Several traditions are reported by Rabino (pp. 183 f.) about the origins of Māsula. One states that during the 10th century, when Sayyed Jalāl-al-Din Ašraf was defeated in Ṭārom, his companion ʿAwn b. Moḥammad b. ʿAli was wounded and died in Māsula after having asked a shepherd to bury him there, and people gradually built their houses around his tomb. A manuscript telling the story of Ṣaʿluk Moʿallem explained that after his defeat, two brothers among his disciples, ʿAyn b. ʿAli and Zayn b. ʿAli, came to Māsula district and converted the local population to Islam. Their tombs, in the hamlet of Eškalit, became a center of pilgrimage. According to another tradition, under Caliph Moḵtār, a group of people who were fleeing from Kirkuk and Mosul arrived in the mountains of western Gilān and respectively founded Kargānrud and Māsula. M. Sotuda argues that most of these stories, although still reported by oral tradition nowadays, are based on Ketāb-e mostaṭāb-e šarḥ-e janghā-ye emāmzāda ḥażrat-e Sayyed Jalāl al-Din Ašraf, barādar-e ḥażrat-e Reżā, ʿalayh al-salām, a book dating probably from Safavid time and drawing its information from Shaykh Abu Saʿid of Ḵvārazm, an author whose most statements are unfounded (Sotuda, p. 130). It seems not unreasonable that the latter tradition is a result of the confusion between the nearly homonymous “Māsula” and “Mosul,” while the two former traditions, fanciful in nature, have led to the establishment of the two local pilgrimages.

Other indications about the remote past of Māsula might be sought through archeology. There is a place above Māsula, at a distance of 10 km and not far from a pass to the semi-arid slope, called Kohna Māsula “Old Māsula” with almost erased traces of buildings; no excavation has been undertaken yet.

The population of Māsula and surrounding mountainous areas is almost integrally Ṭāleš. They speak a Ṭāleši dialect slightly different from those of adjoining districts, and they are Shiʿi Moslems. Their semi-nomadic life and tribal organization was illustrated by the title ilbegi of their chiefs in Hedāyat Khan’s time, Moḥammad Reżā Khan, and Fatḥ ʿAli Khan. Širzād Beg b. Mirzā ʿAli Akbar b. Asad Beg, a descendant of the latter, became the chief of Māsula, with the title of kalāntar (Rabino, p. 183; Sotuda, p. 131). The Māsula area was generally a part of Fuman district, but under Fatḥ ʿAli Shah (q.v.) it was put under the direct control of the Arsenal, because it provided the imperial army with iron bullets.

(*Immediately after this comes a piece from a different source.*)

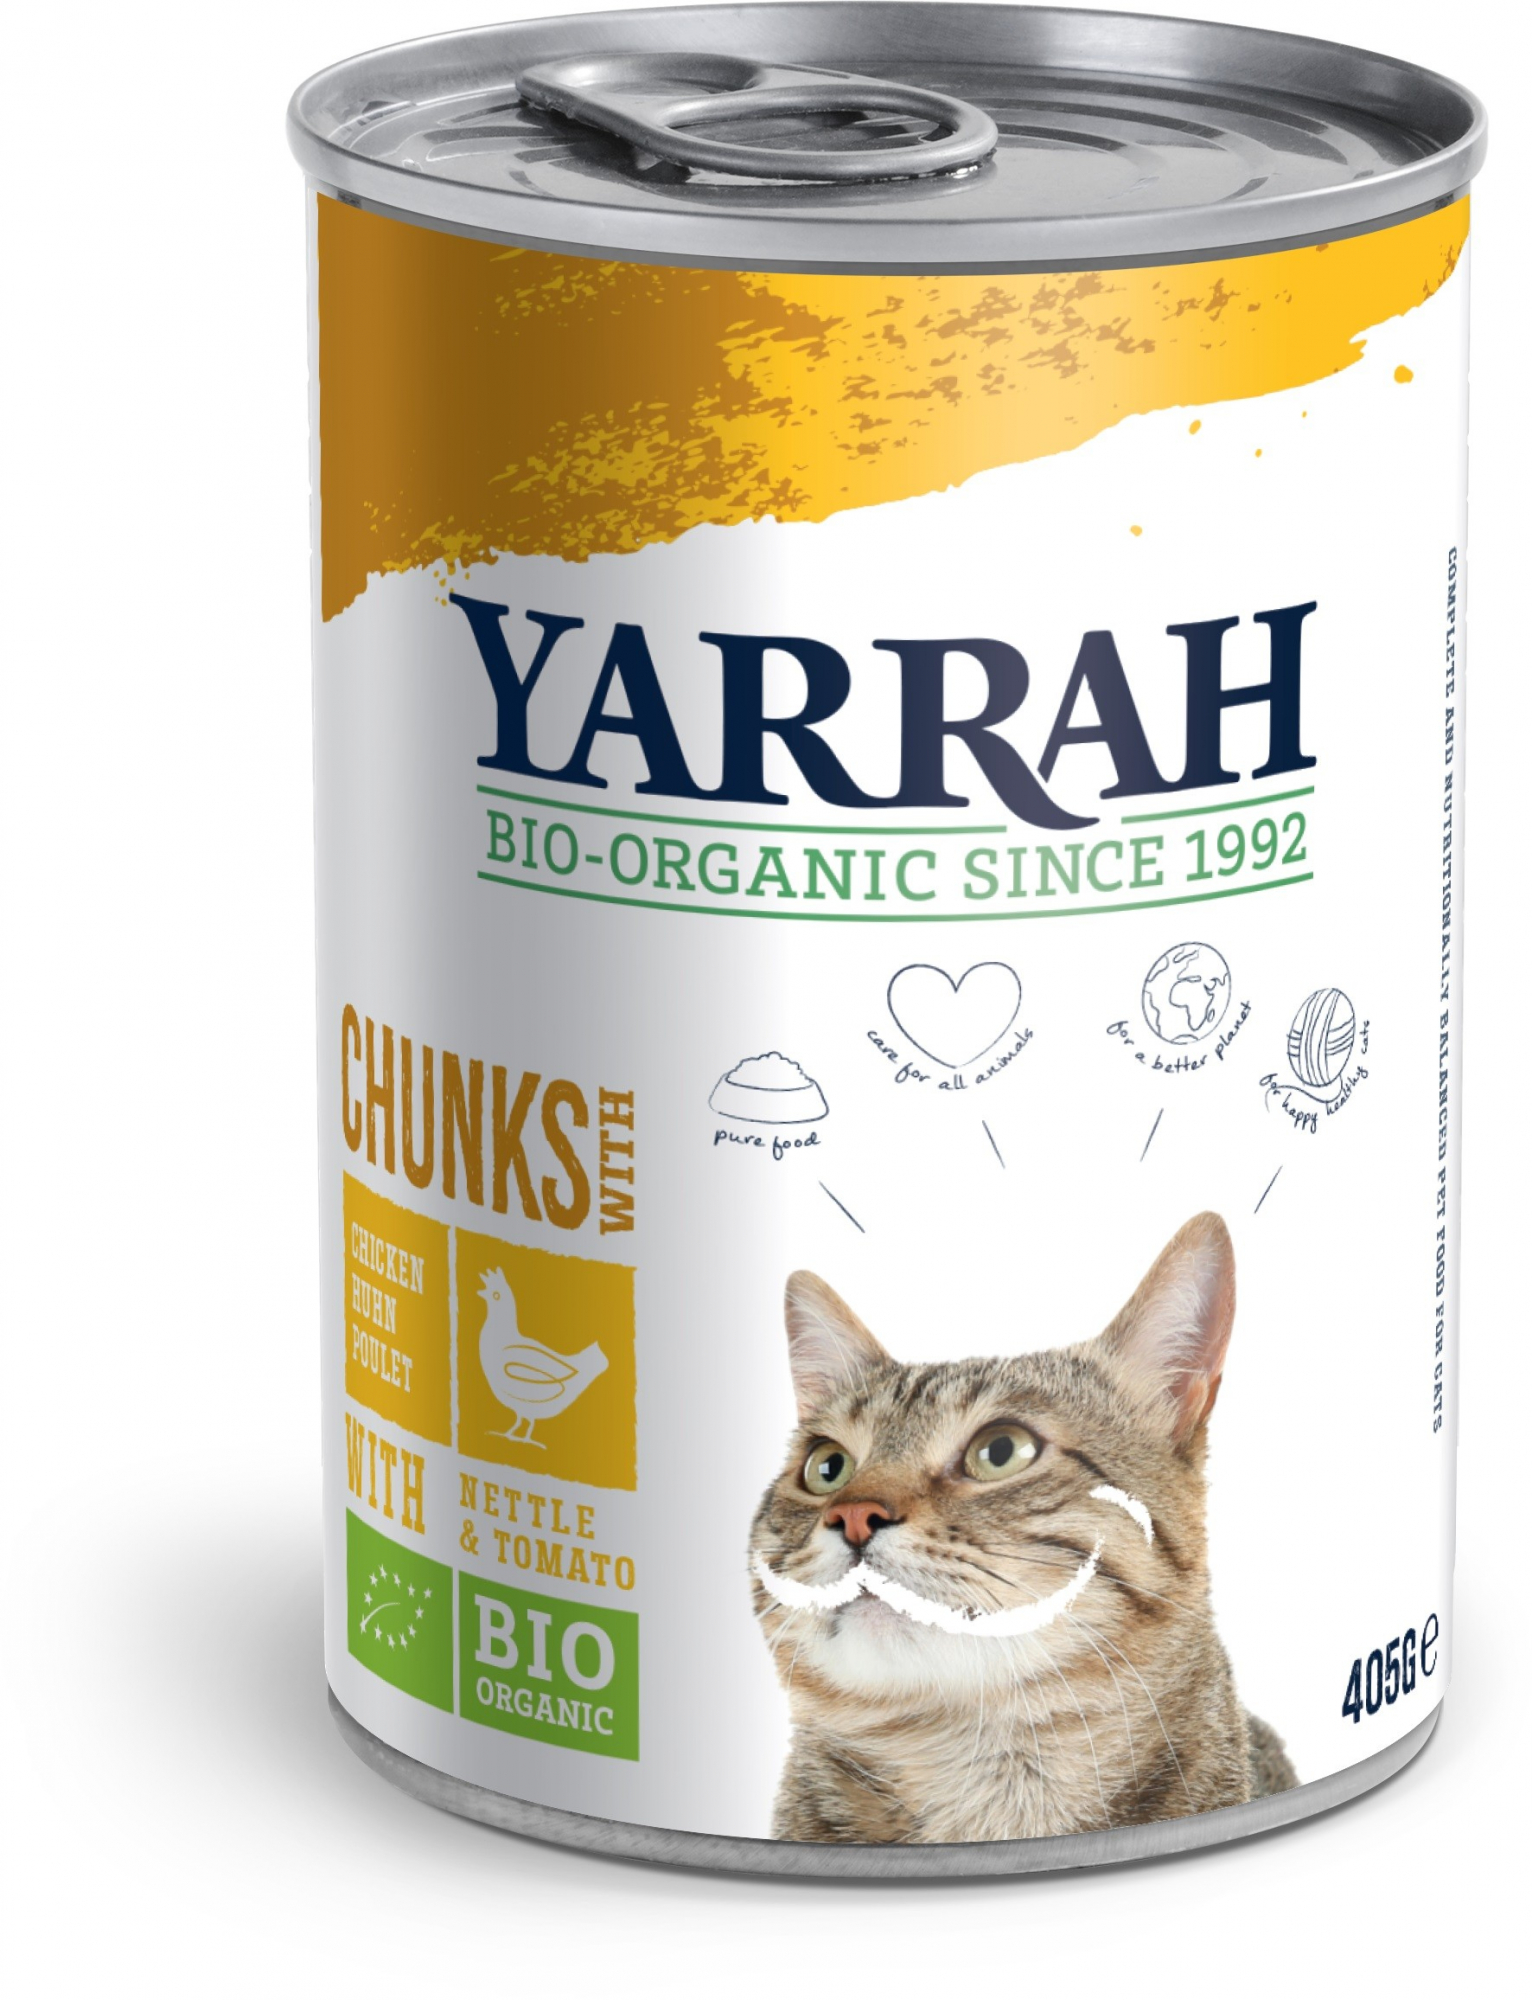 Nassfutter mit Stückchen Yarrah Bio Adult 405g ohne Getreide für Katzen - 3 Geschmacksrichtungen

This small township depended upon a number of specific activities for its livelihood. Iron mines which supplied a forge (kura-ye āhangarān) in the mountains in the vicinity of the summer pasture (yeylāq) of Ḵalildašt, exploited when G.-H. Liddel (apud Rabino, pp. 187 f.) visited the area in 1891, were abandoned in 1915, because a rock collapse had blocked the entrance. Iron ore was melted in small charcoal furnaces around the mines, and then iron was forged in Māsula by blacksmiths, who provided the whole province with iron tools. Another group of craftsmen was comprised of +tanners and leather-sandal makers (čamuš-duzān), who were busy processing leather supplied by animal husbandry. Another main activity was transport and commerce along caravan routes linking Gilān to Ṭārom and Ḵalḵāl (q.v.). This route was the shortest one from Tabriz to Rasht, taking 15 days instead of the 23 days for caravans following the route by Qazvin and the Safidrud valley (Bazin and Bromberger, p. 90). When caravans of camels from the interior of Persia reached Māsula, their loads were transferred onto mules, who would carry them to Gilān. Fraser (p. 497) observed in 1834 that the majority of inhabitants were muleteers (čārvādār) or petty traders (dowra-gard). The latter gathered the cheese produced on summer pastures all around and could stock it in the cellars of their vertically developed houses, in large, earthenware vessels called kom, and thus keep it until prices reached their highest levels—a profitable speculation. Rabino (p. 185) states that Māsula had a bazaar with some 400 shops, two or three caravansaries, two baths, seven mosques, and a total population of 500 families. The local life showed a sharp seasonal contrast, since most of the population, both craftsmen and petty merchants, would leave the village during the cold season to work in villages and towns of Gilān, especially Fumanāt, while the women staying at home were busy spinning wool, knitting socks, and weaving šāl. In summer the men would return to Māsula to provide goods and services to husbandmen scattered over summer pastures all around.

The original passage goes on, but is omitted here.